WORK TASK -
In the material below, find the span from the line with "pancreas illustration" to the line with "Ultra violet watercolor flowers" and transcribe only those lines, exactly, ends included, without the pictures.

DATA TO EXAMINE -
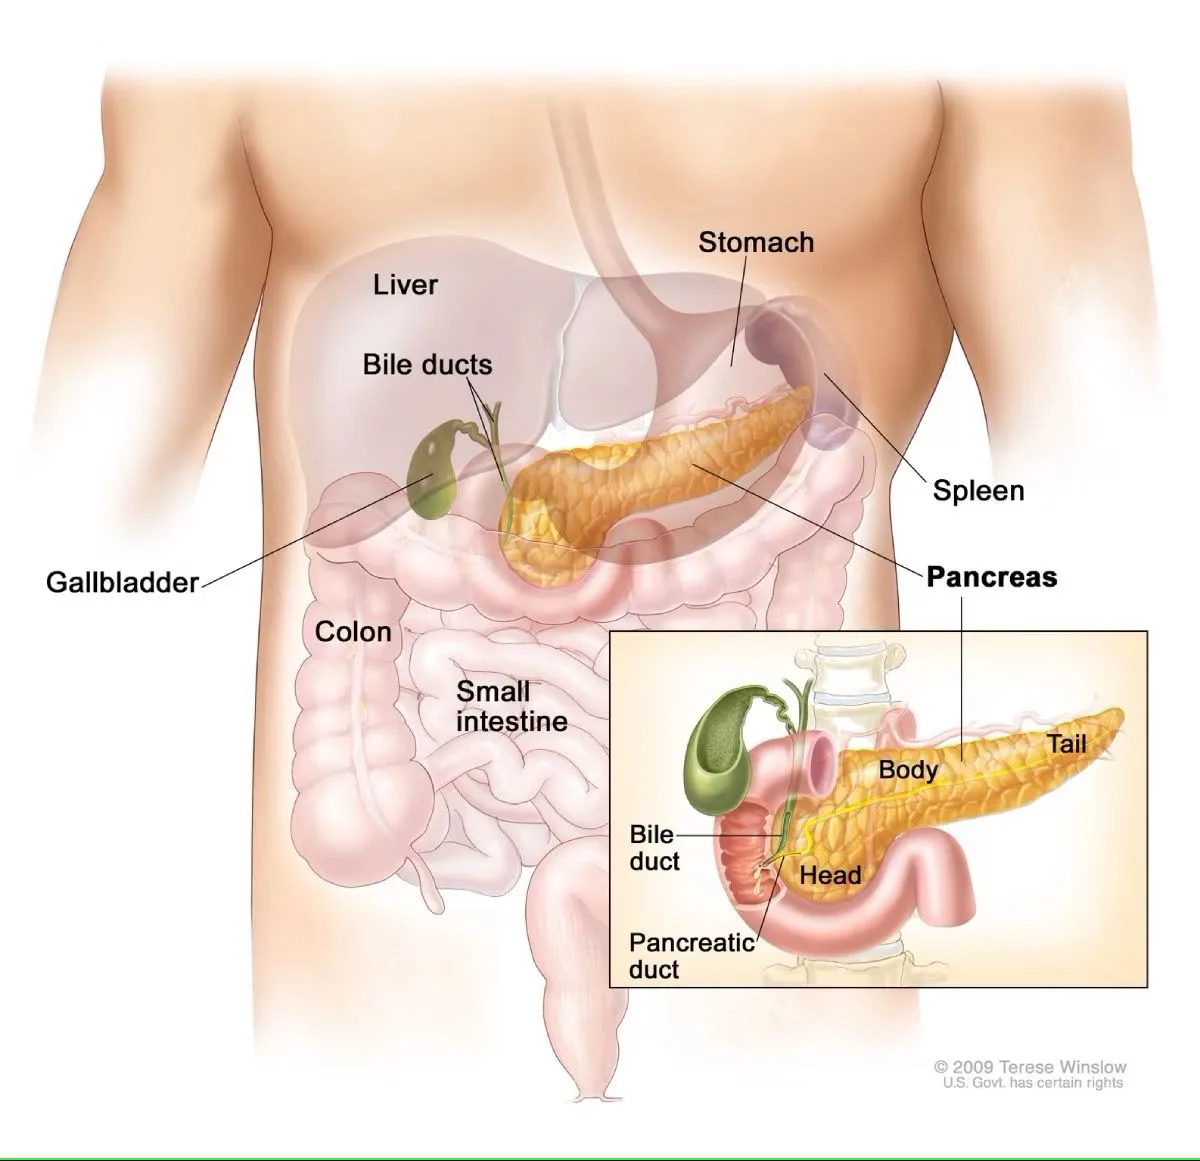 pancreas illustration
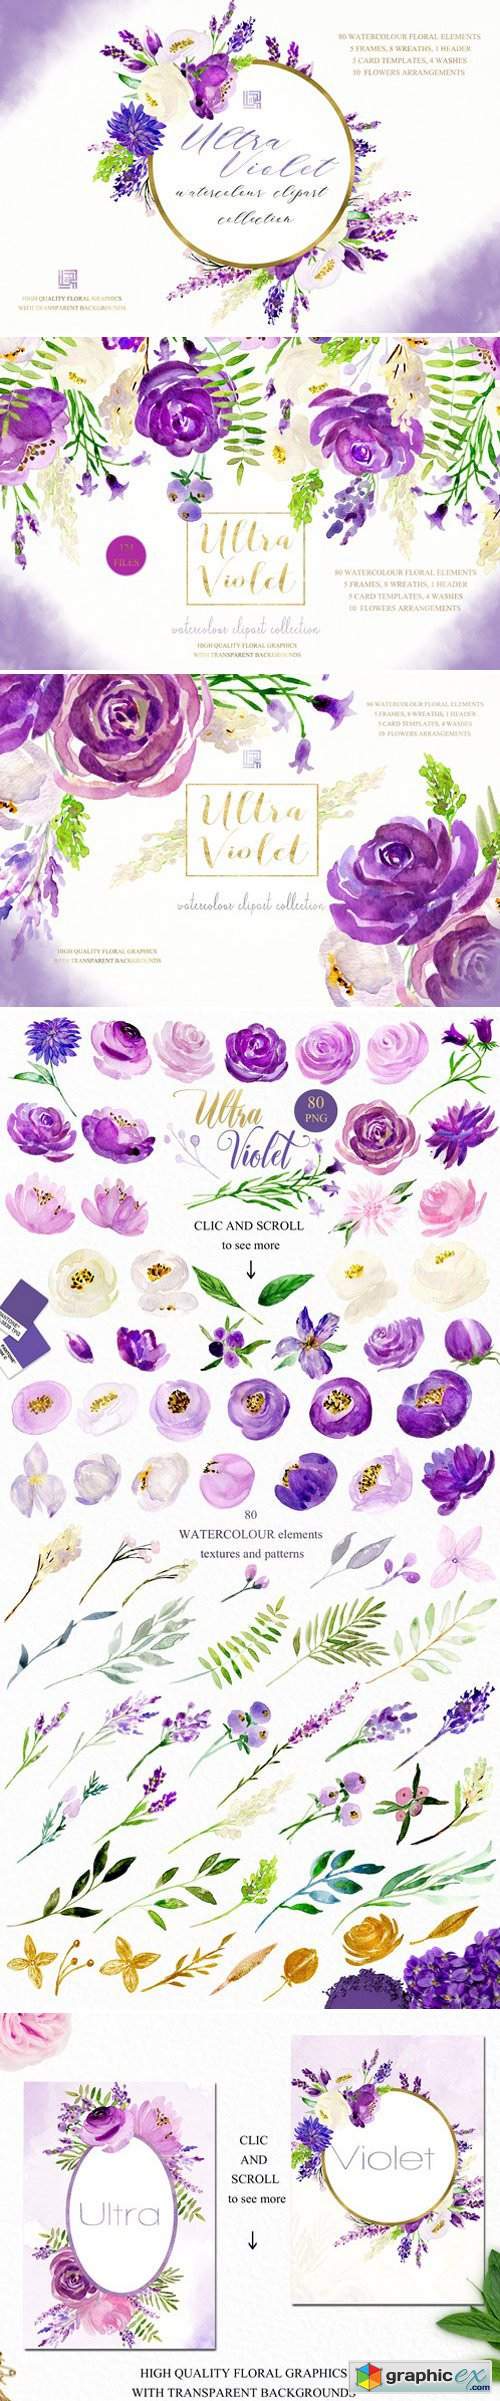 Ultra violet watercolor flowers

---

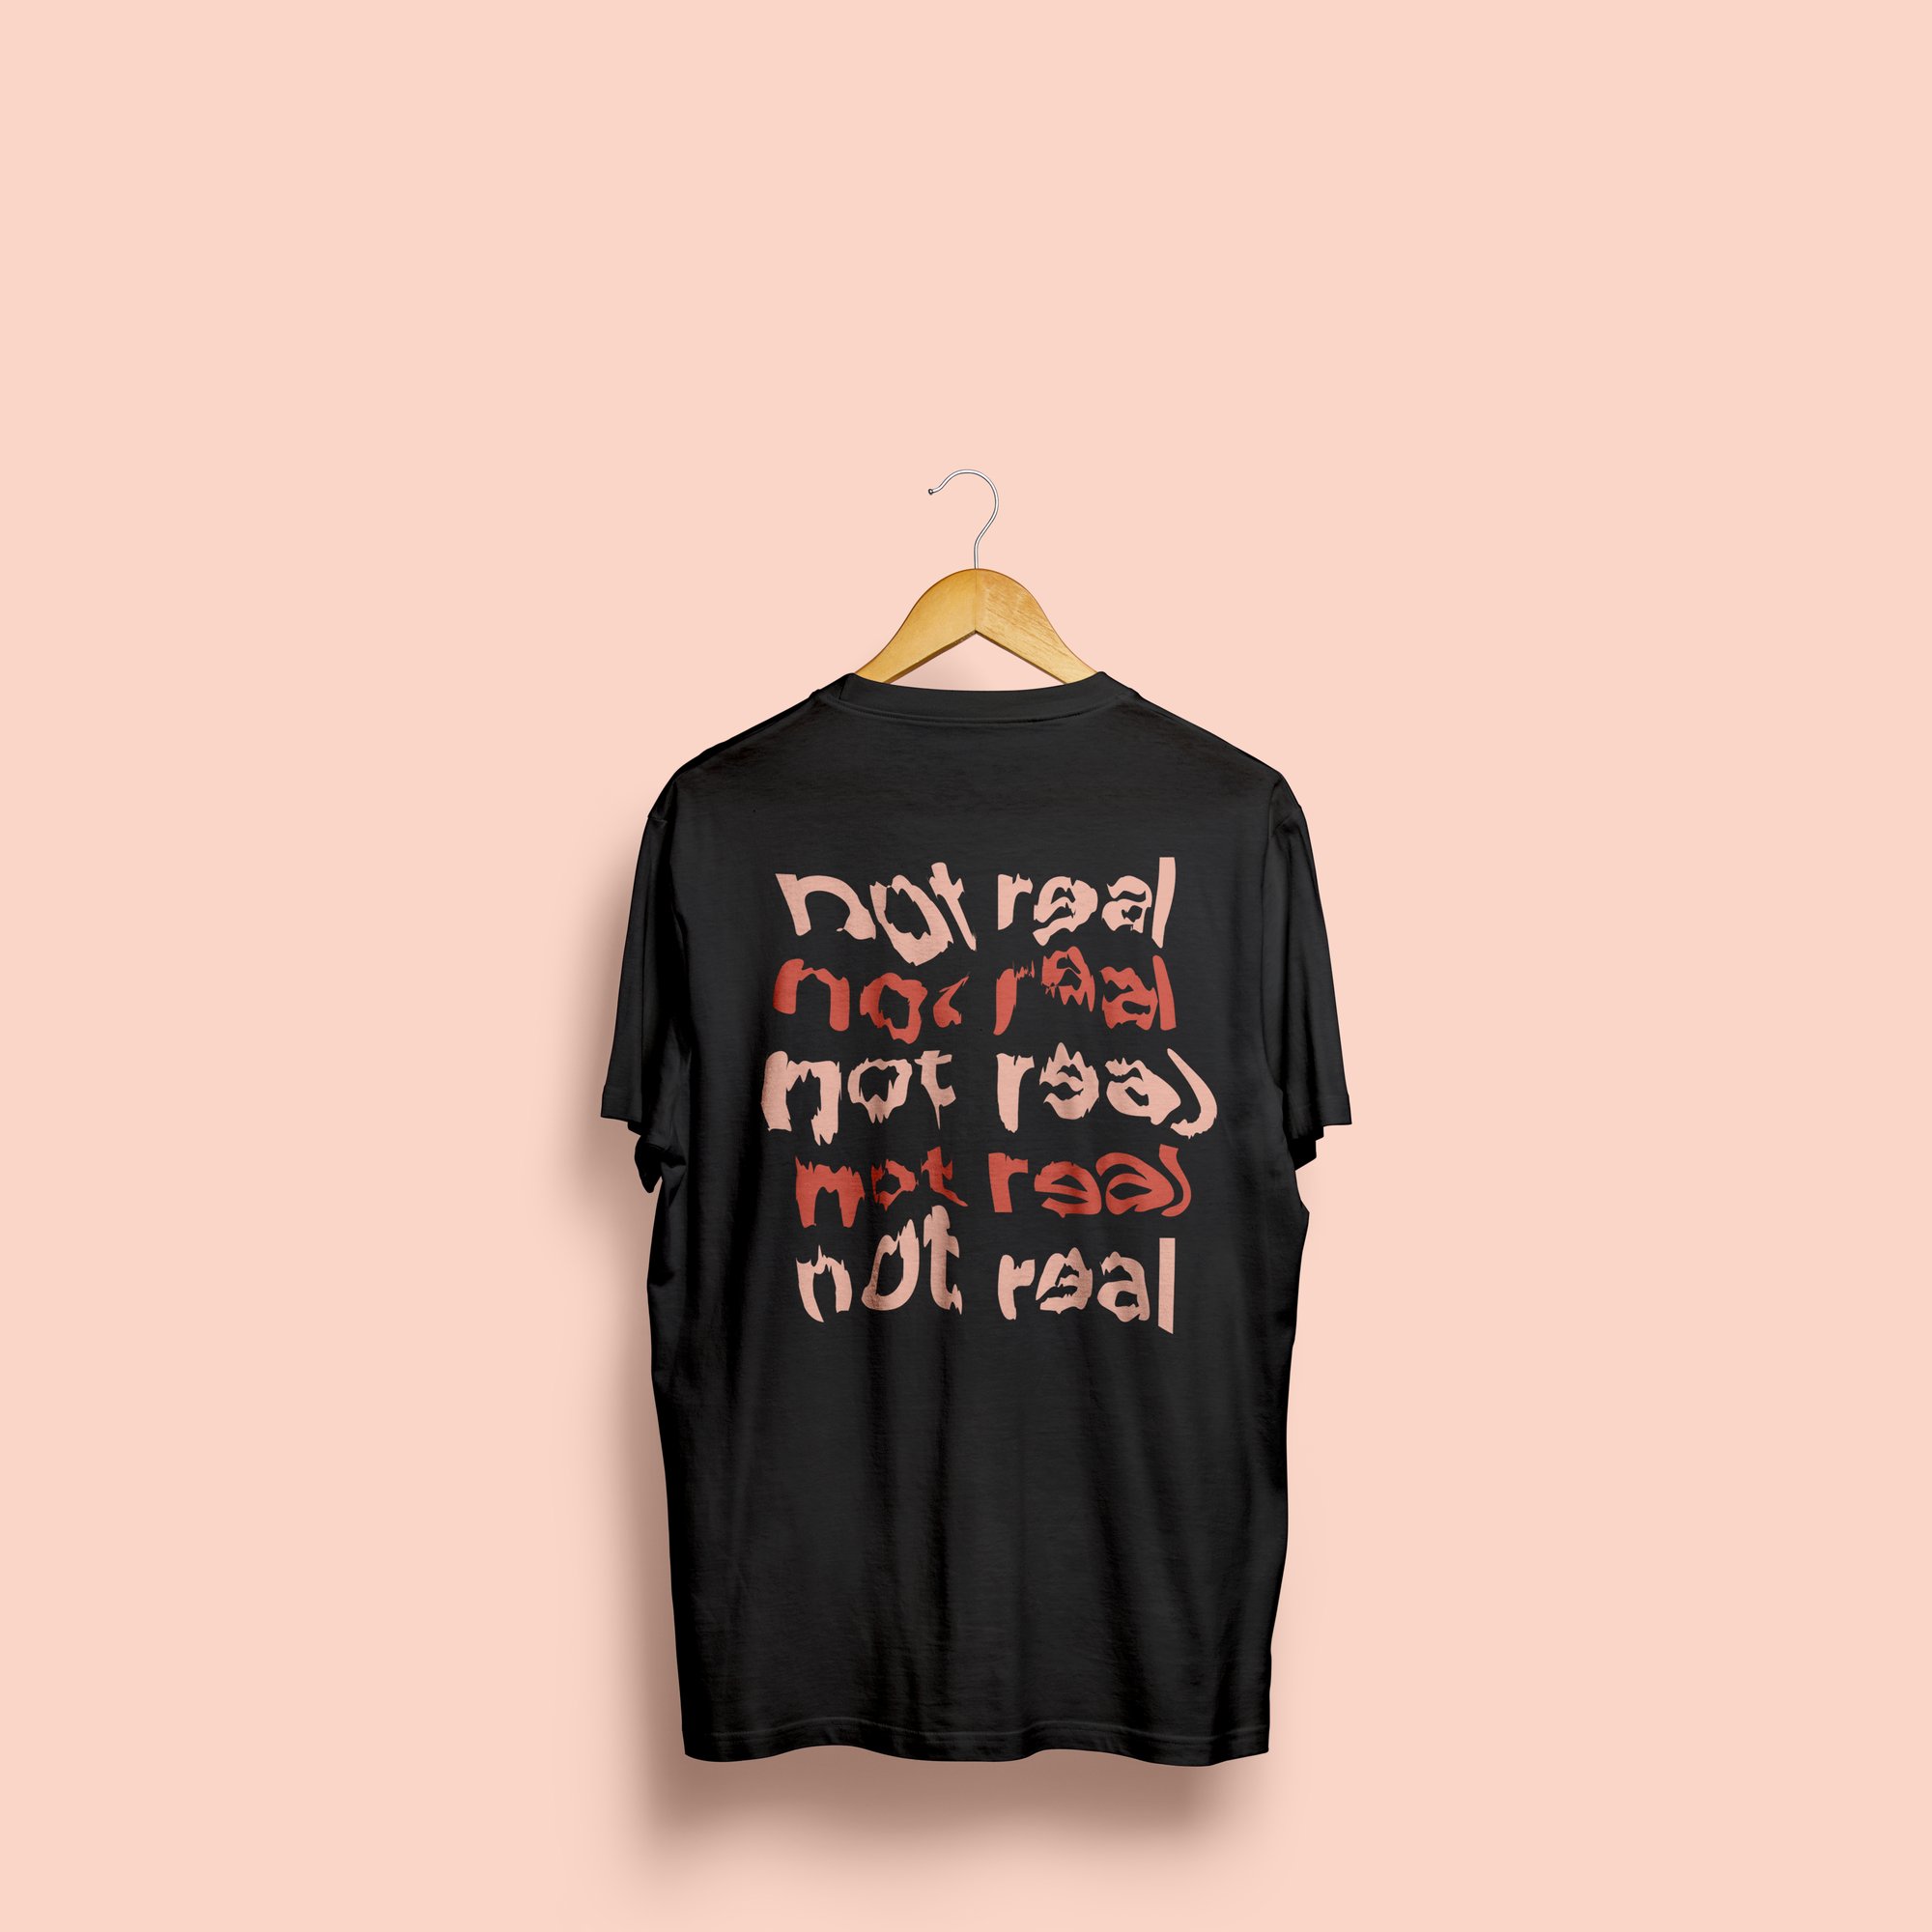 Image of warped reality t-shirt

WRITTEN REPLY -
 pancreas illustration
 Ultra violet watercolor flowers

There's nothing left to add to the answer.